The data I'm working with are highly skewed, with the vast majority of data concentrated at 0. It seems really hard to highlight the differences between these kind of distributions:
gamma1 <- rgamma(10000, shape=0.05, rate=1)
gamma2 <- rgamma(10000, shape=0.055, rate=0.98)
gamma3 <- rgamma(10000, shape=0.06, rate=0.95)
c(mean(gamma1), mean(gamma2), mean(gamma3))

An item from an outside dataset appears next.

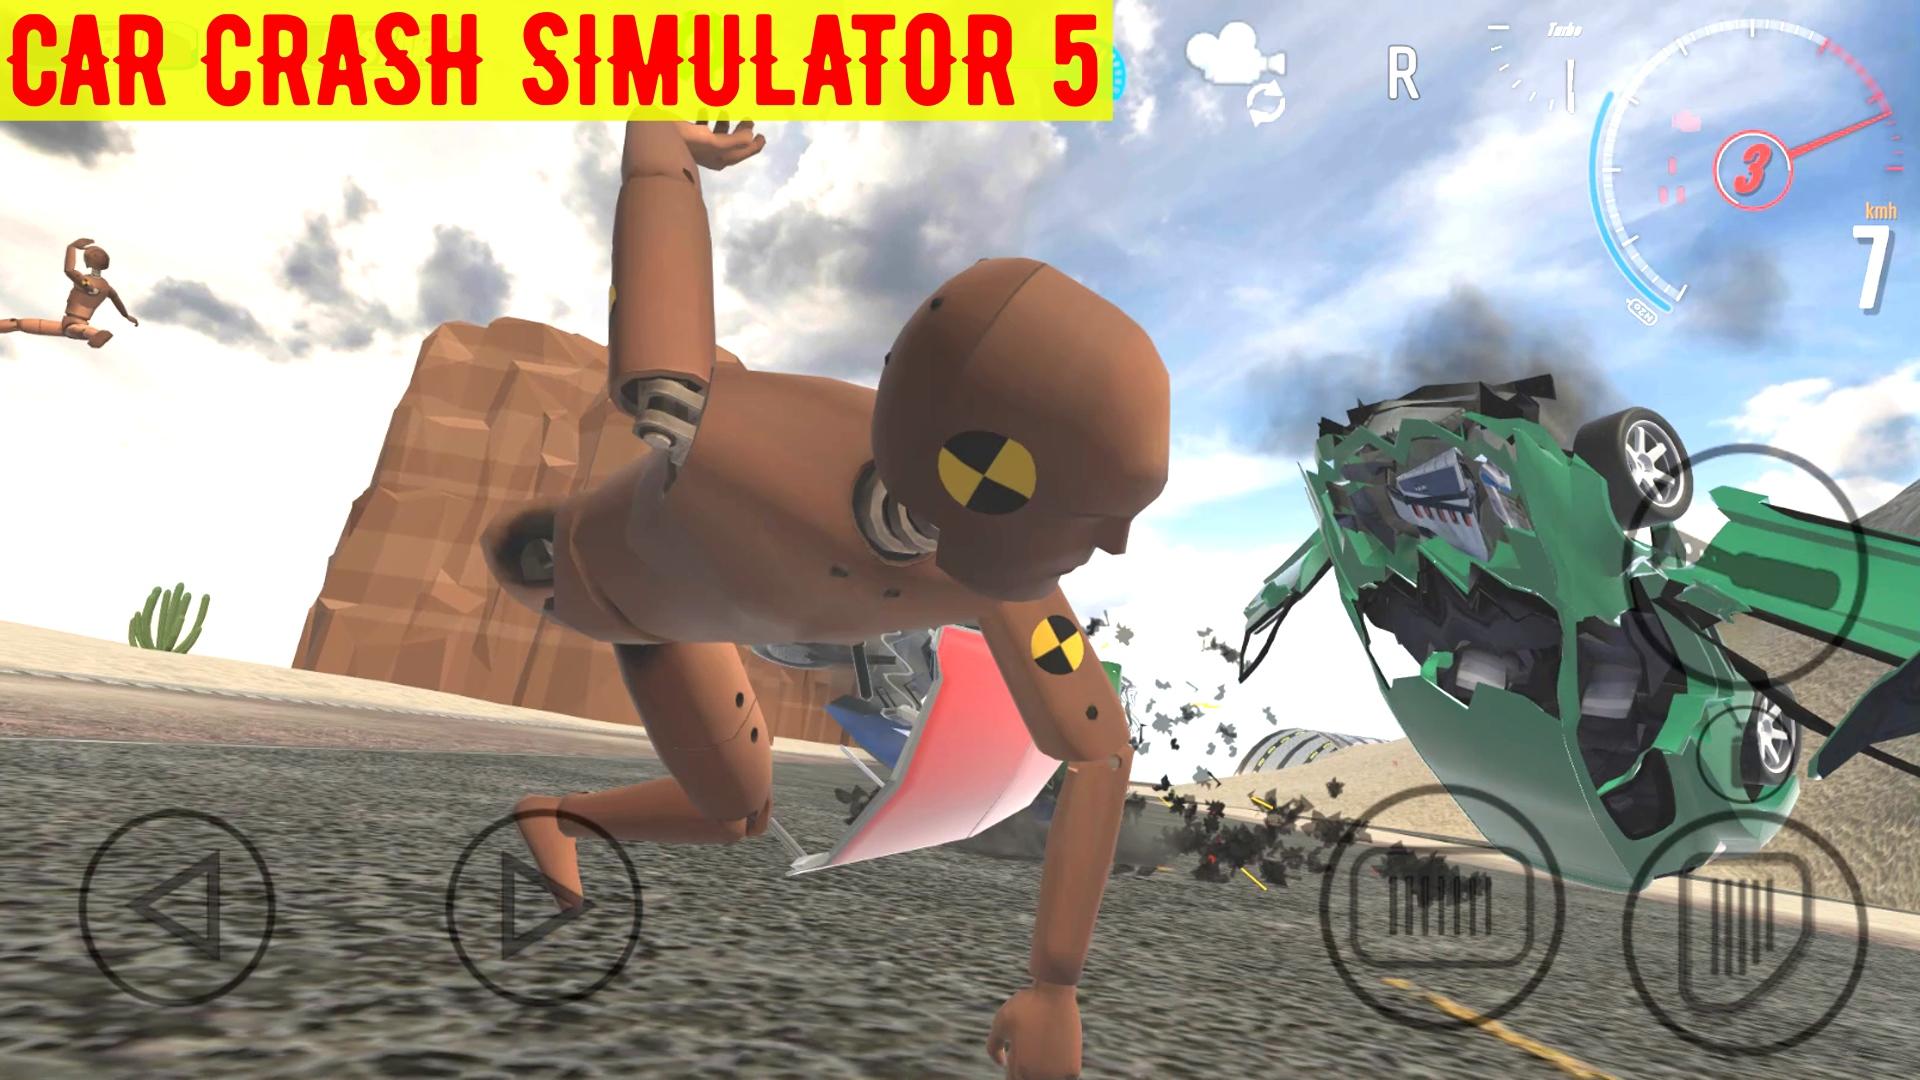 Screenshot 1 of Simulateur d'accident de voiture 5 5
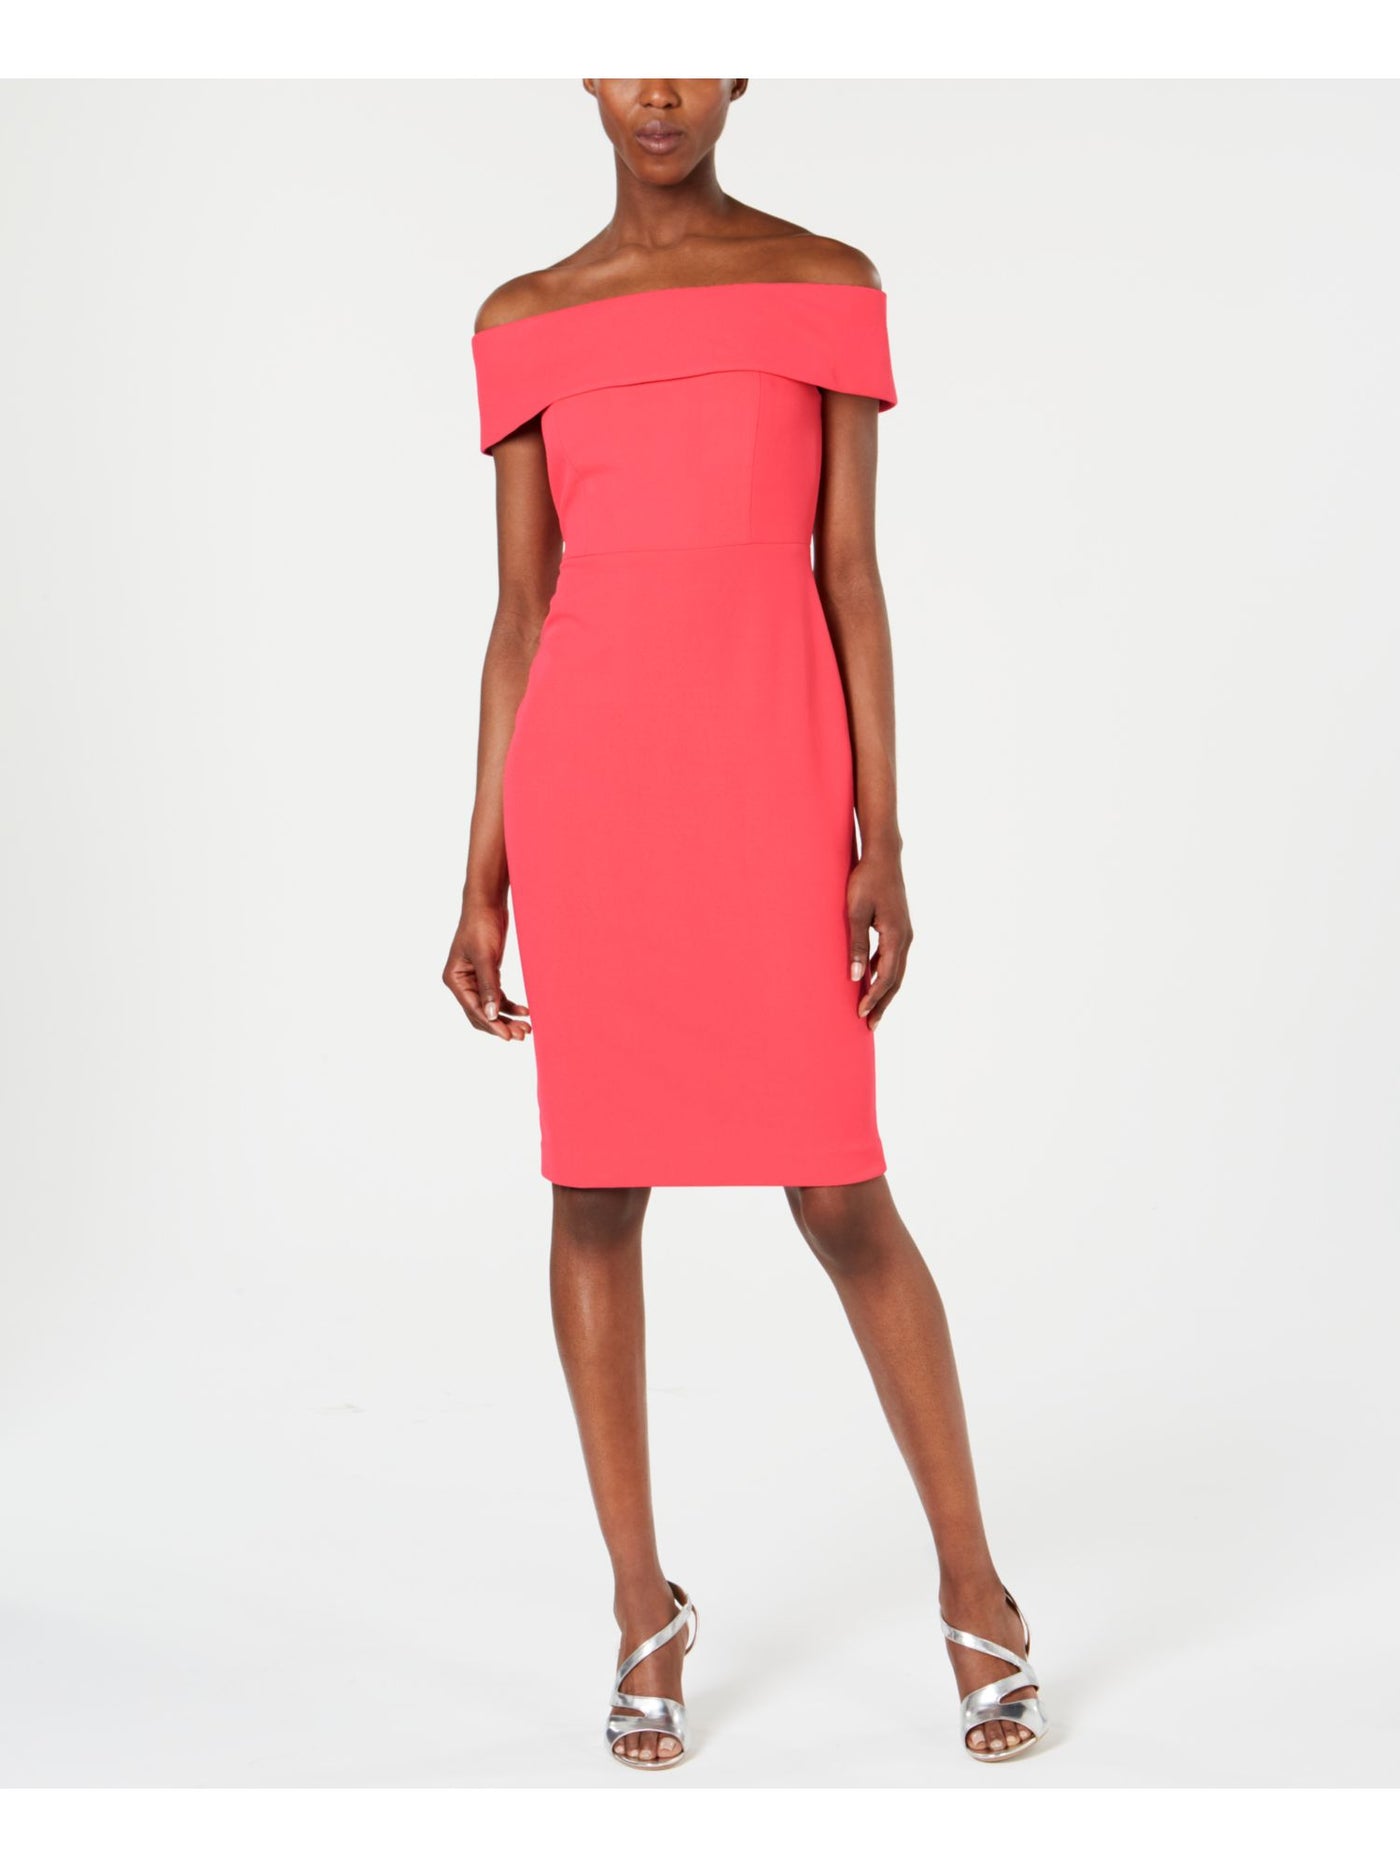 CALVIN KLEIN Womens Pink Zippered Off Shoulder Above The Knee Evening Sheath Dress Petites 8P

[1] 0.04845668 0.05253655 0.05797983
ks.test(gamma1, gamma2)
Two-sample Kolmogorov-Smirnov test
data: gamma1 and gamma2
D = 0.0433, p-value = 1.44e-08
alternative hypothesis: two-sided
ks.test(gamma2, gamma3)
Two-sample Kolmogorov-Smirnov test
data: gamma2 and gamma3
D = 0.0456, p-value = 1.864e-09
alternative hypothesis: two-sided
ks.test(gamma1, gamma3)
Two-sample Kolmogorov-Smirnov test
data: gamma1 and gamma3
D = 0.0798, p-value < 2.2e-16
alternative hypothesis: two-sided
As most of the data is at 0, histograms are not very helpful for seeing the differences between the distributions (not to mention the fact there doesn't seem to be a convenient way to plot a histogram with multiple distributions in R, see https://github.com/hadley/ggplot2/issues/1081):
Violin plots seem to misrepresent the shape of the distributions (they look a lot more normal-like than they really are) and since the means are very low, the boxes are almost invisible:
Since these plot aren't really showing anything useful, I was wondering if there is a better way to visualise skewed distributions?
Best Answer
Note that your gamma data are not at zero, they are near zero, so you can work with logarithms. If your actual data do contain zeros and you only used skewed gammas to create an example here, you could shift your data by a small $\epsilon$ to make them positive and then take logs.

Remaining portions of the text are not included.